Today, we mark a great feast of the Holy Family in our Church on this first Sunday after Christmas Day as we continue our celebration of the Christmas season. Throughout the last couple of years, the topic of the family has been at the forefront of our Church discussions, with Pope Francis convening a Synod on the Family a couple of years ago. That Synod looked at the questions and issues facing the family in our modern world, with a specific emphasis on the pastoral care needs of the family. The Church rightfully sees the family as the traditional unit upon which society is built, but in our modern reality, the family faces great changes and challenges. Families and religion have traditionally been two of the things that bind us together in society and that help form us as children, youth, and adults. Yet, Cardinal Walter Kasper from Germany has noted that in the past 50 years, modern society has been more about breaking down those things that bind us together, with consumerism and individualism becoming the more important values that are being embraced.
With all the challenges and obstacles families face in the world, the feast of the Holy Family that we celebrate today becomes even more important and relevant to our journey. We see many people in our society today on a quest to find meaning and significance in their lives, to find fulfillment and happiness. And they are looking in a lot of places to find those things. Simeon in today’s Gospel from Luke was on a quest as well: a quest for the Messiah. Three different times in the Gospel, it says that the Holy Spirit was guiding Simeon in his quest, that the Spirit revealed to him that he would not die until seeing the Messiah with his own eyes. We don’t know how the Holy Spirit revealed to him that Jesus was indeed a very special child, but at the moment he saw Jesus and his parents, he took Jesus into his arms and pronounced his quest accomplished, saying that he was ready to depart from this world. But Simeon’s quest was not self-centered or narrow-minded. He saw in Jesus a gift for all the people: a light that would be revealed to the Gentiles and all the nations, a Messiah who would bring glory to the people of Israel.
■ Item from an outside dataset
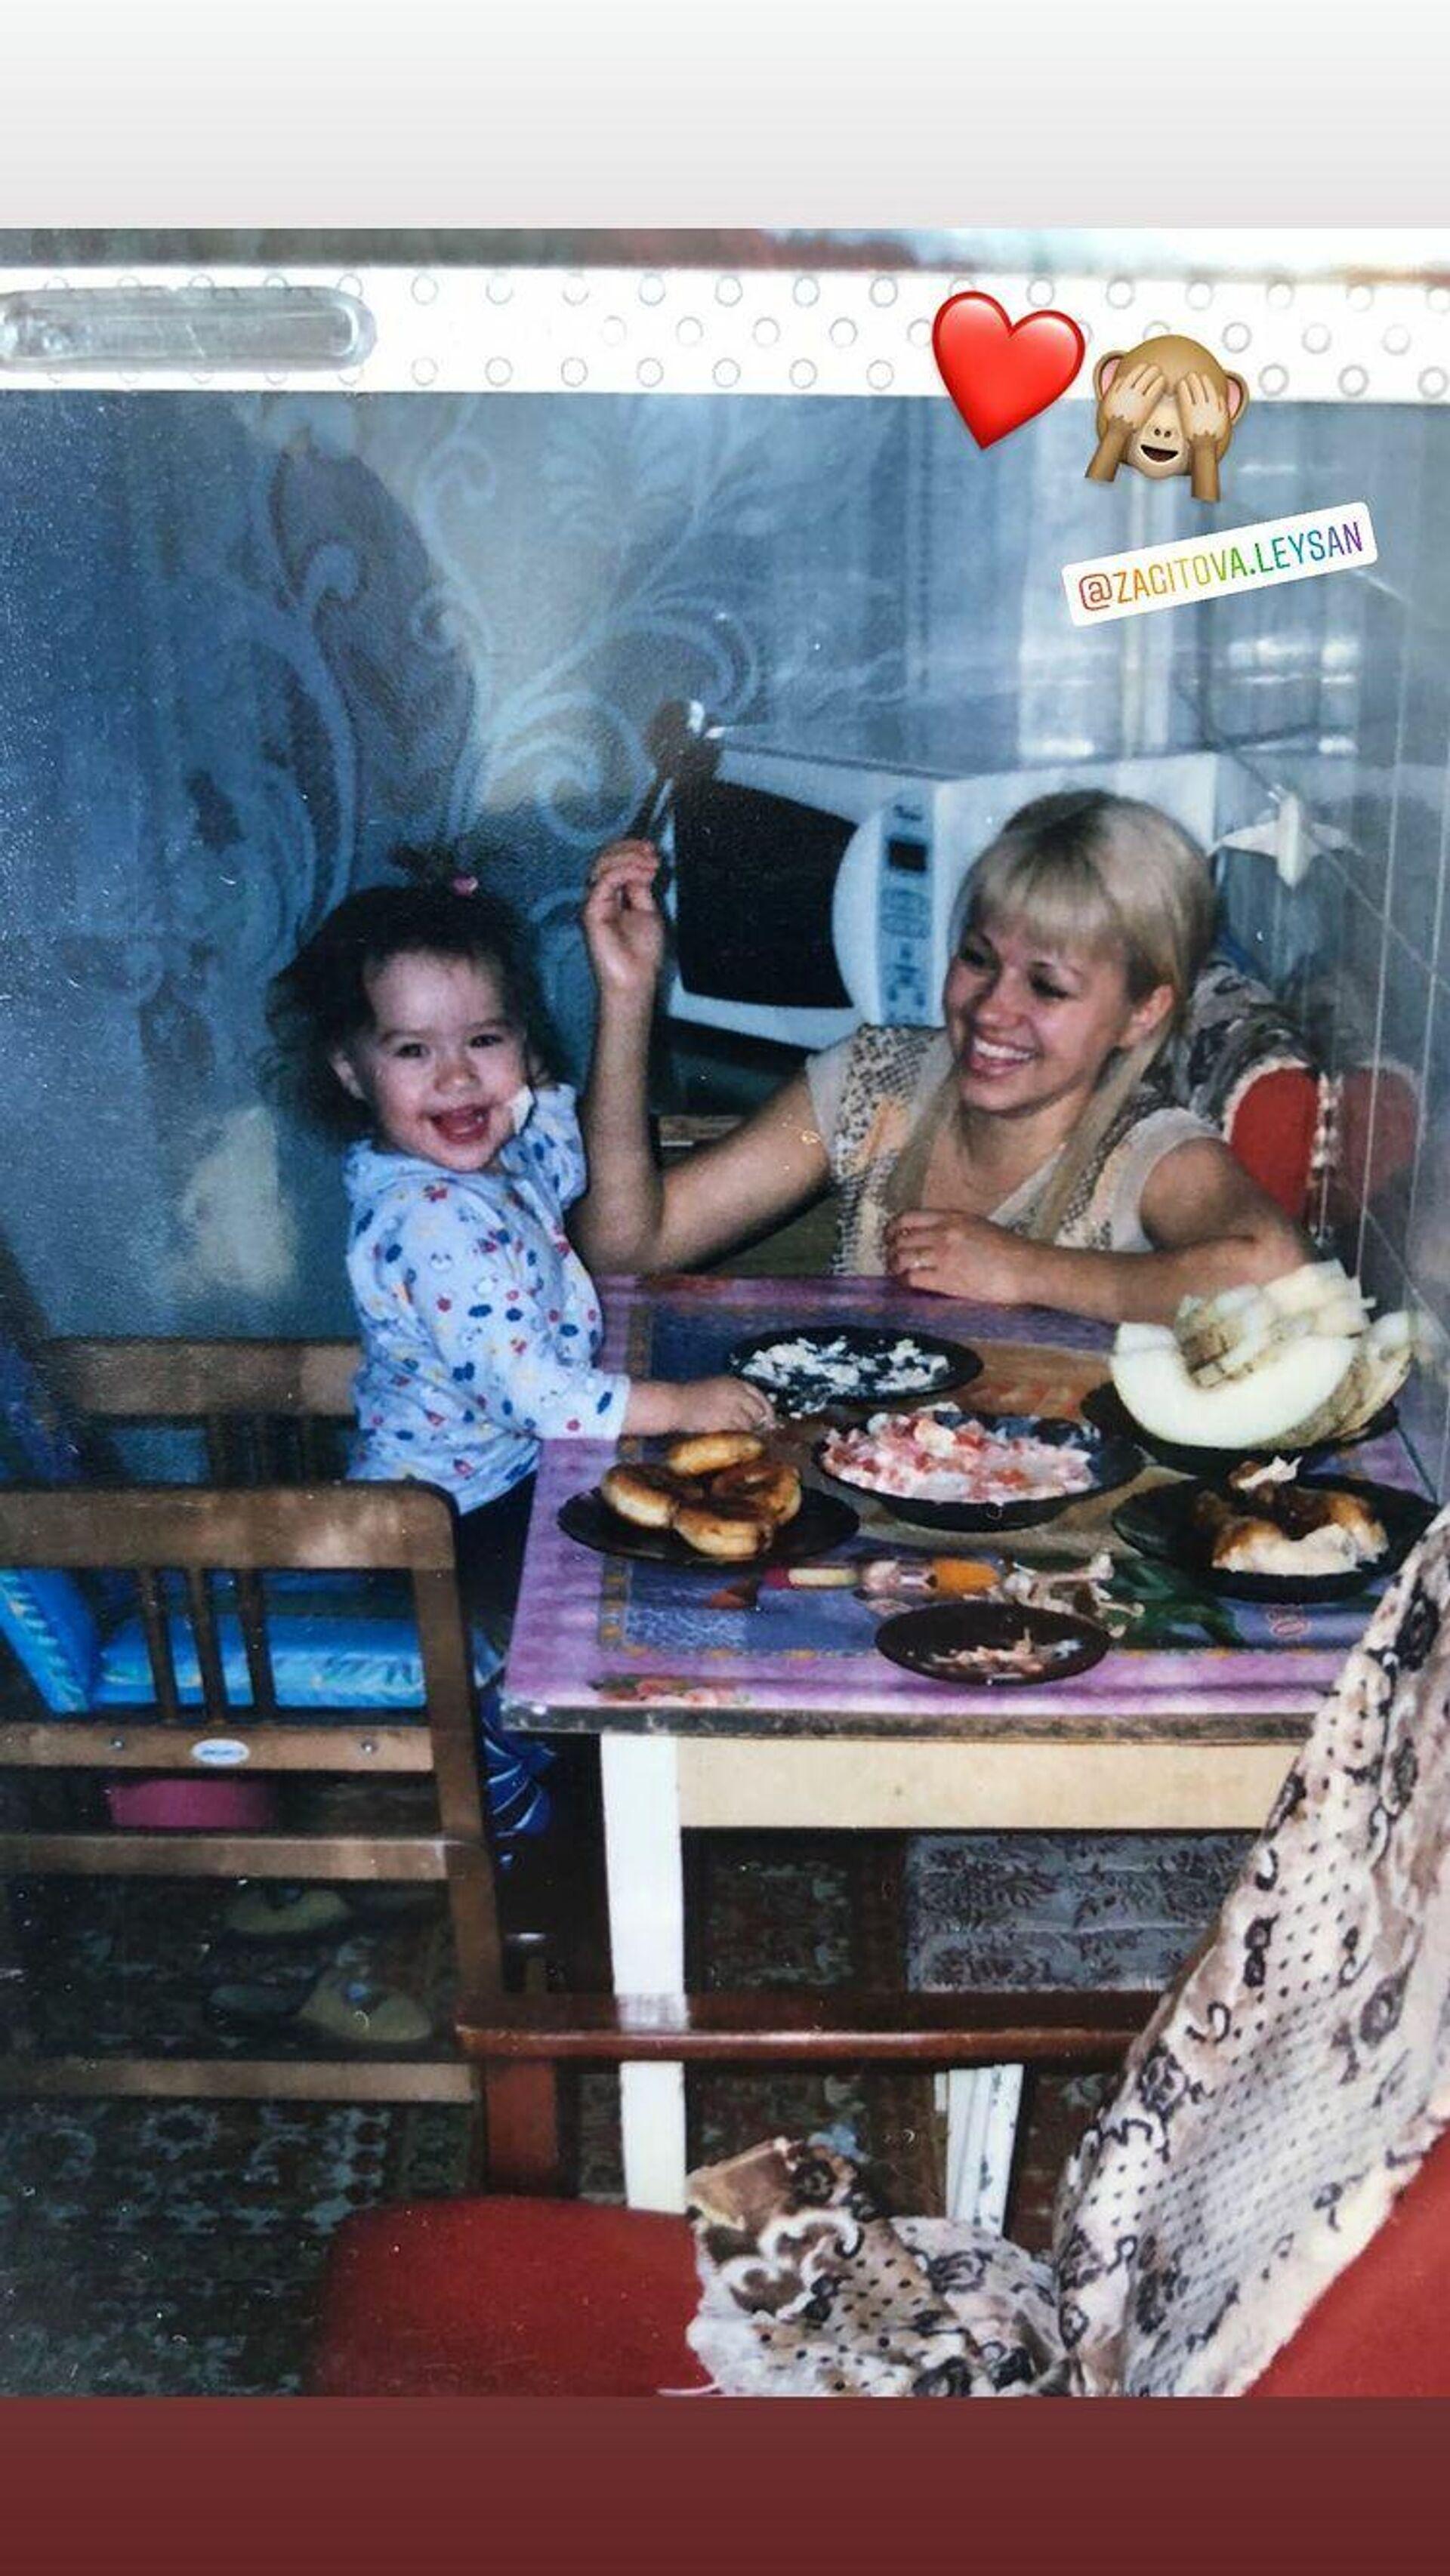 Детская фотография Алины Загитовой с мамой Лейсан - РИА Новости, 1920, 05.05.2021
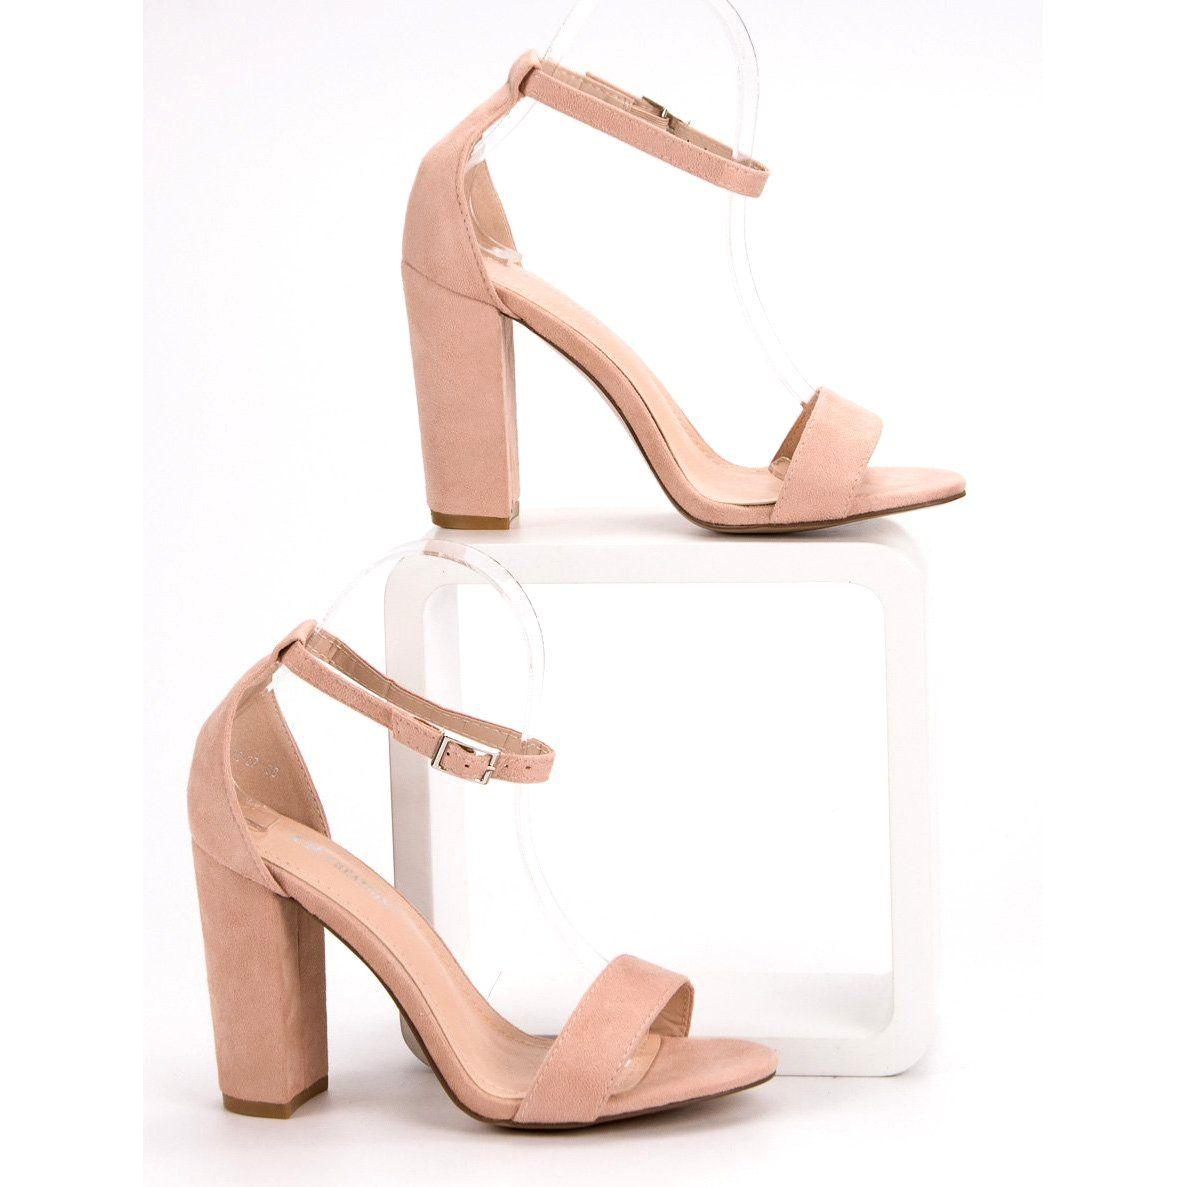 Ch Creation Rozowe Sandaly Na Slupku Zapatos

On Christmas day, we heard from the beginning of John’s Gospel that Jesus was the Word of God made incarnate in our world. Yet, today’s Gospel points out that after Jesus and his parents returned to their home town of Nazareth, after they had fulfilled what was required of them by presenting Jesus in the Temple, Jesus grew up there filled with wisdom and became strong. The baptismal rite in our Church states that the parents are supposed to the first teachers and the best of teachers to the child in the ways of the faith. The Church family, the friends and loved ones, the godparents, the catechists, the priests and the lay leaders in the Church have a role in shaping the faith of the children and youth, yet the primary responsibility in the eyes of the Church falls to the parents and the immediate family. Even though Jesus was the Son of God, he was influenced and formed by his parents, his family, his community, and his environment.
Today's feast of the Holy Family declares the importance of the family in our human development and in the development of our faith. Any of us who are priests or consecrated sister or brothers or lay leaders in the Church can attest to the way our parents and our upbringing had an affect on our vocations to serve in the Church. Today, we honor our families through the example of the Holy Family. I would like to close today’s feast with a prayer that Pope John Paul II wrote for the family. Let us pray:
Lord God, from you every family in Heaven and on earth takes its name. Father, you are love and life.
Through Your Son, Jesus Christ, born of woman, and through the Holy Spirit, the fountain of divine charity, grant that every family on earth may become for each successive generation a true shrine of life and love.
Grant that your grace may guide the thoughts and actions of husbands and wives for the good of their families and of all the families in the world.
Grant that the young may find in the family solid support for their human dignity and for their growth in truth and love.
Grant that love, strengthened by the grace of the sacrament of marriage, may prove mightier than all the weaknesses and trials through which our families sometimes pass.
Through the intercession of the Holy Family of Nazareth, grant that the Church may fruitfully carry out her worldwide mission in the family and through the family.
We ask this of You, God the Father, who is life, truth and love with the Son and the Holy Spirit. Amen.